С легким омерзением он мельком улыбнулся Фафхрду, и они дружно повернулись к верхним террасам. Теперь стало ясно, что Серебряная и Зеленоватая хотя бы в одном отношении были истинными королевами: вид двух страшных схваток не испугал их, они и не думали бежать, как поступили бы всякие обычные женщины. И теперь они протянули руки навстречу героям. Золотая и Серебряная маски не могли улыбаться, но тела их словно смеялись. И когда приятели двинулись вверх из тени к свету, ранки Мышелова из зеленых превратились в красные, а фиолетовая рубаха Фафхрда приобрела вовсе чернильный оттенок, им уже казалось, что ничего прекраснее женщин с перепонками между пальцев и с тоненькими жаберными дугами на шее быть не может. Свечение на верхних террасах несколько померкло, но на нижней все было по-прежнему, и шеститоновая музыка волчков как-то подбадривала… Оба героя вступили в то. темное пышное царство, где исчезают все мысли о ранах, а любые воспоминания, даже о веселейших кабачках и подвалах Ланхмара, тают как сны, и Море, жестокая прародительница и нежная любовница наша, отдает все долги.
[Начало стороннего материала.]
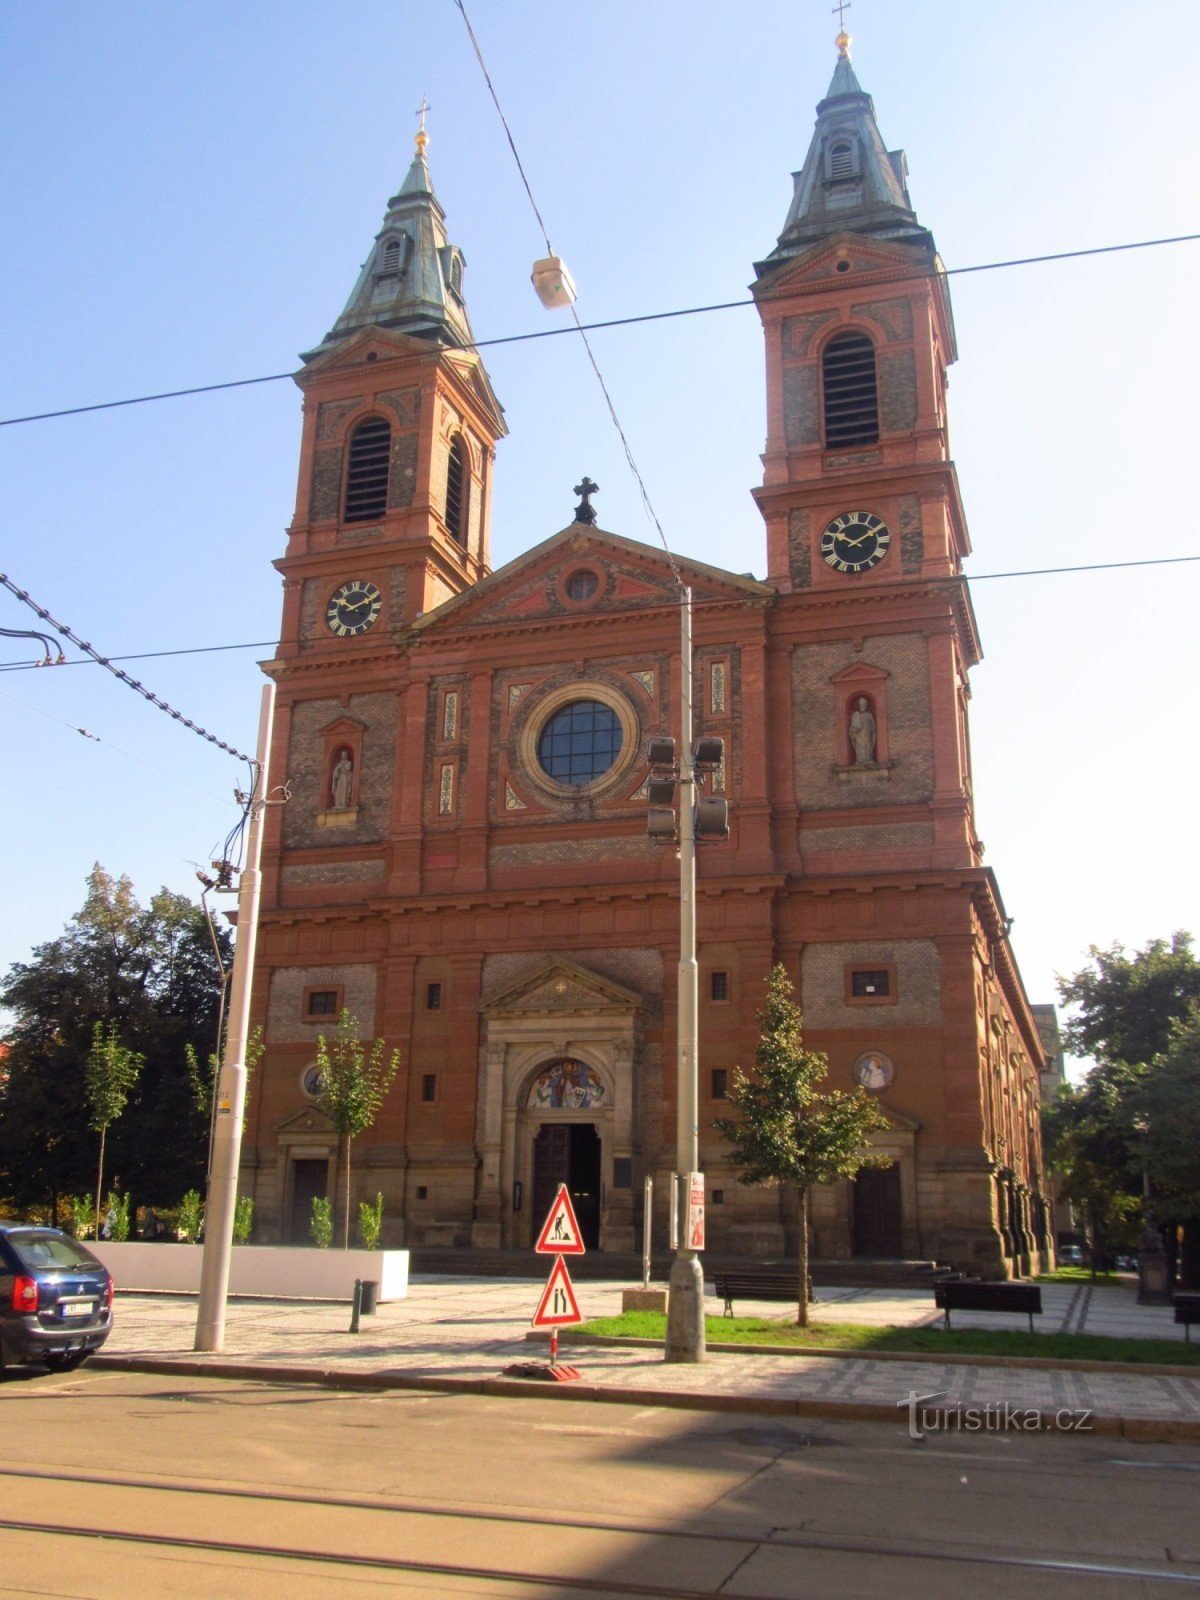 聖教会14 月 XNUMX 日、プラハのスミーホフにあるヴァーツラフ広場

Беззвучное могучее сотрясение, словно шевельнулась скалистая плоть земли, вернуло Мышелова в чувство. Почти одновременно жужжание одного из волчков превратилось в высокий визг и закончилось звоном. Серебряный свет в гроте запульсировал, отчаянно заметался. Вскочив на ноги и глянув вниз вдоль лестницы, Мышелов увидел неизгладимую картину: морская ведьма-чернокнижница с ржавой головой дико подхлестывала свои беснующиеся волчки, скакавшие и прыгавшие над столом серебристыми горностаями, а со всех сторон, но главным образом из туннеля, к ней стремительно неслись летучие рыбы, скаты, длинные черные ленты угрей, все угольно-черные и с разверстыми крошечными ртами.
В этот миг Фафхрд ухватил его за плечо и развернул, указывая на лестницу. Серебристая вспышка молнии на мгновение осветила наверху громадную, обросшую по краям водорослями дверь, накрест пересеченную балками. Мышелов энергично кивнул – это значило, что он все понял, и это, должно быть, та самая дверь, которую они вчера видели с вершины скалистой ленточки, разделявшей моря. Удовлетворенный тем, что приятель последует за ним, Фафхрд метнулся вверх по ступеням.
Но в мыслях у Мышелова было нечто другое, и он бросился в противоположную сторону навстречу зловещему влажному и вонючему ветру. Вернувшись назад через дюжину вспышек молнии, он заметил, как и Зеленая и Серебряная королевы подошли к круглым черным туннелям в скале по обе стороны террасы и исчезли.
Приятели вместе сняли поперечины с покрытой водорослями двери и потянули за массивные ржавые засовы. Дверь вздрогнула, словно от могучего тройного удара, как будто некто трижды ударил ее длинным кольчужным плащом. Вода хлынула из-под двери и через приоткрывшуюся щель. Мышелов оглянулся, подумав, что неплохо бы отыскать другой путь к спасению… и увидел увенчанный белой пеной водяной столб, почти до половины высоты грота бьющий из уходящего во Внутреннее Море туннеля. Тогда-то померк озарявший пещеру серебристый свет.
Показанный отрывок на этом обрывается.